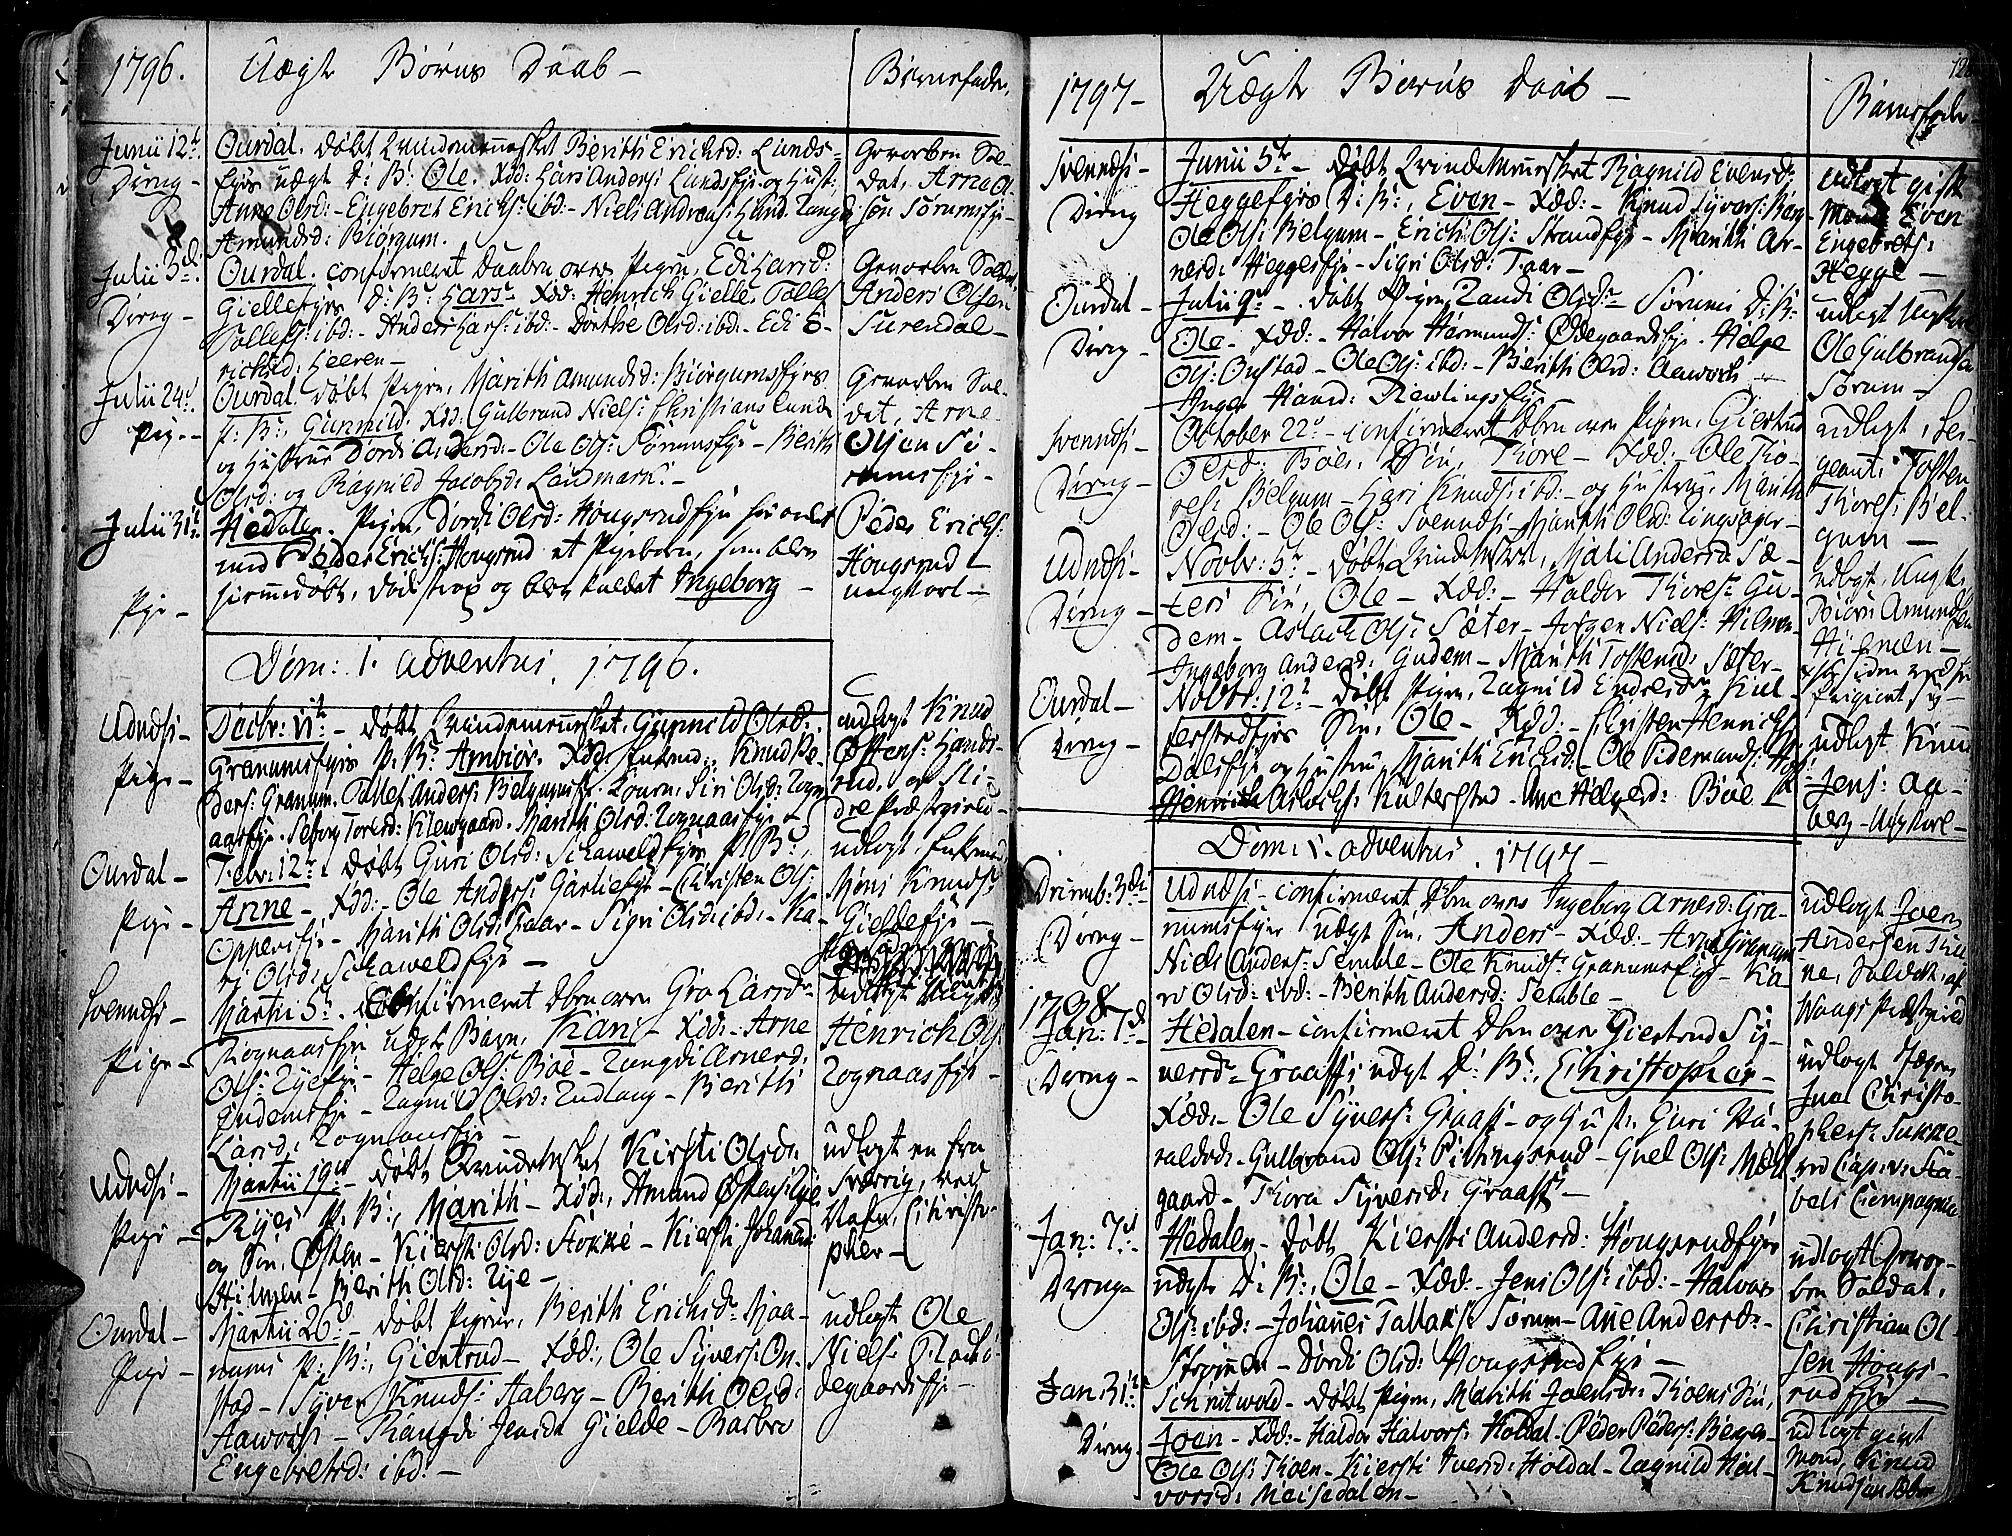 SAH, Aurdal prestekontor, Ministerialbok nr. 6, 1781-1804, s. 128
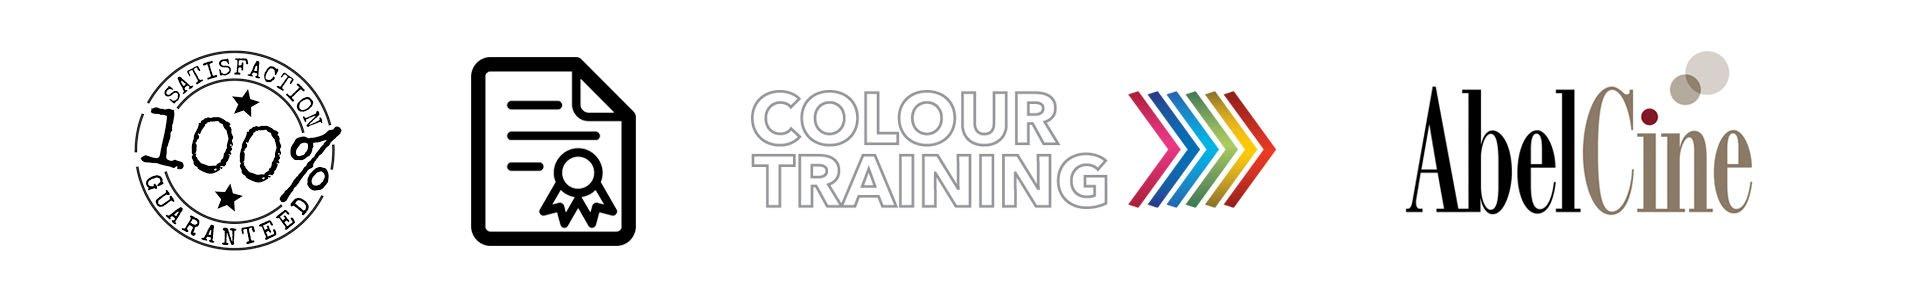 Davinci Resolve 16 Color Grading HDR Masterclass
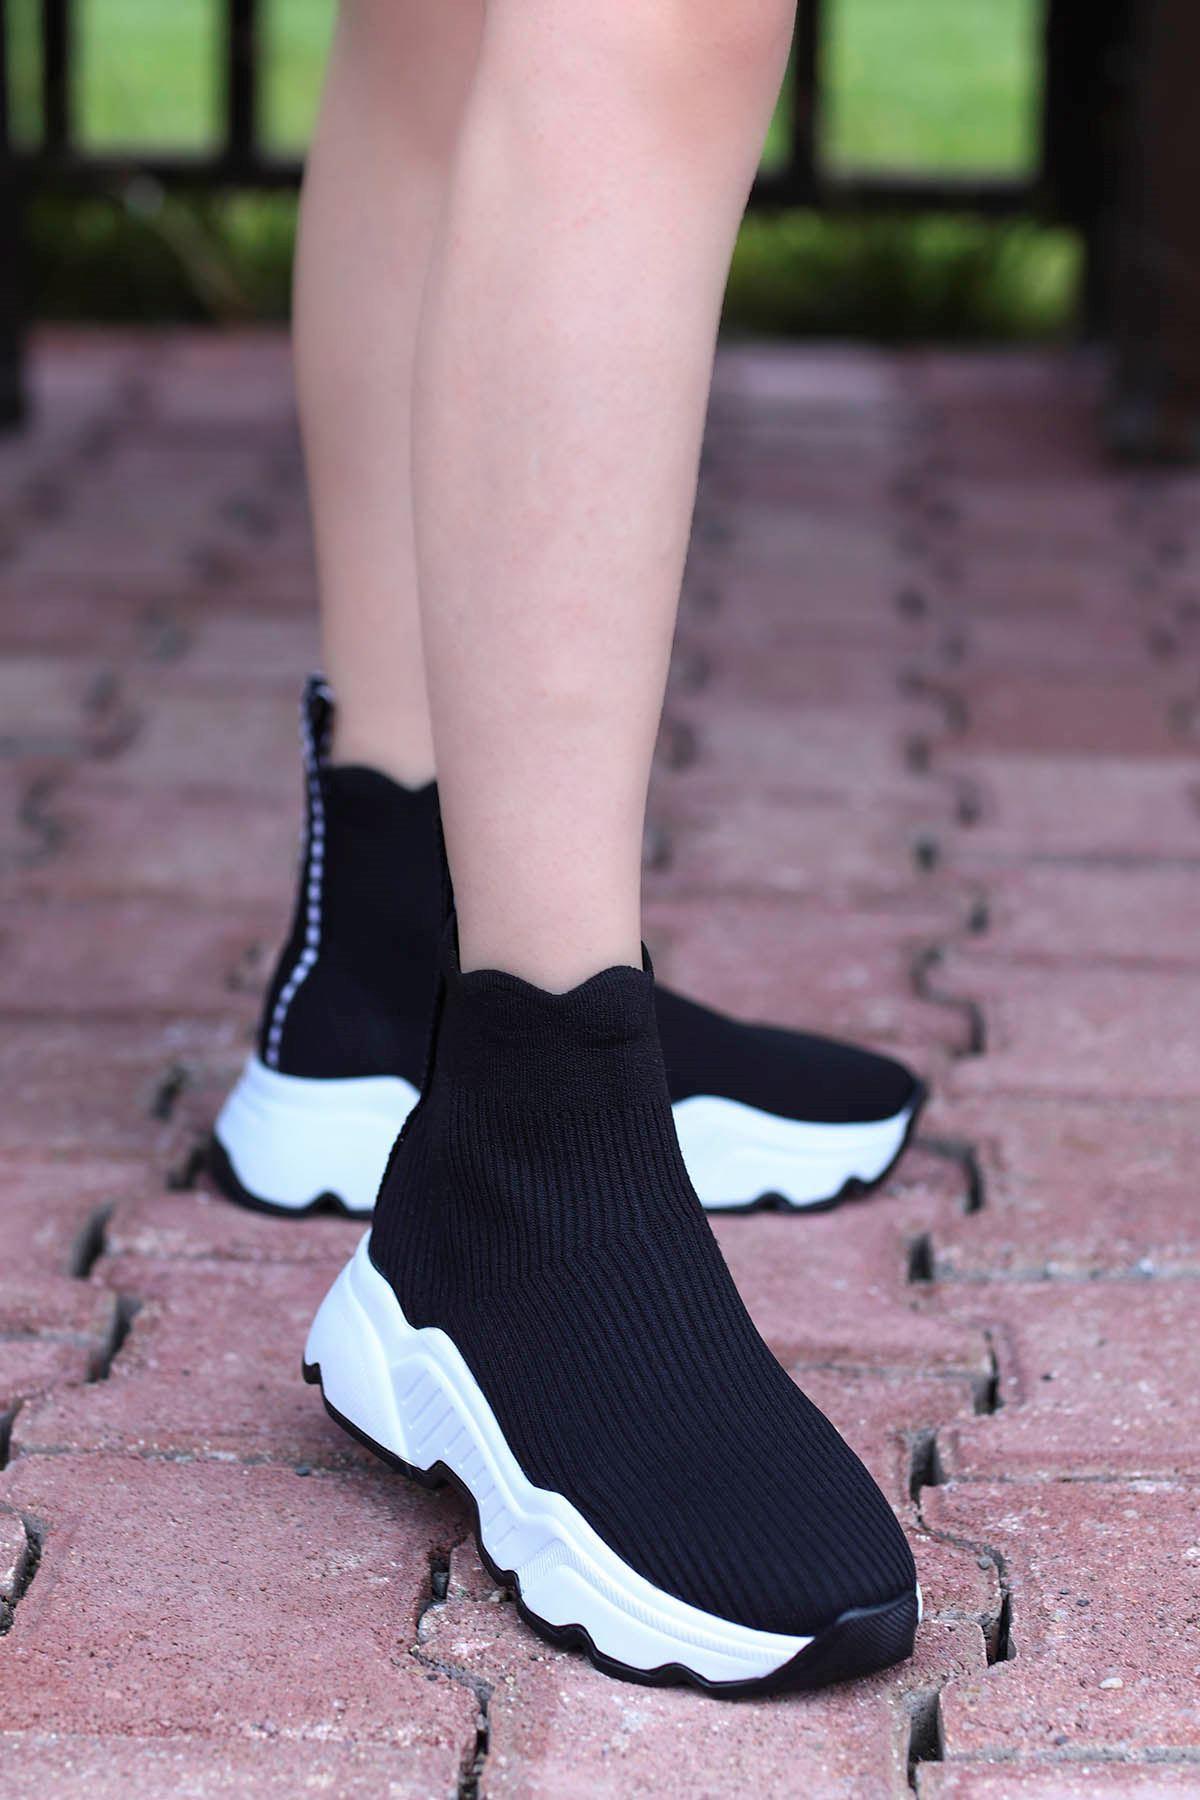 Frm-990 Triko Spor Ayakkabı Siyah

**Your instructions:** Produce an exact copy of every line above, with the images left out.

**Result:**
 SAH, Aurdal prestekontor, Ministerialbok nr. 6, 1781-1804, s. 128
 Davinci Resolve 16 Color Grading HDR Masterclass
 Frm-990 Triko Spor Ayakkabı Siyah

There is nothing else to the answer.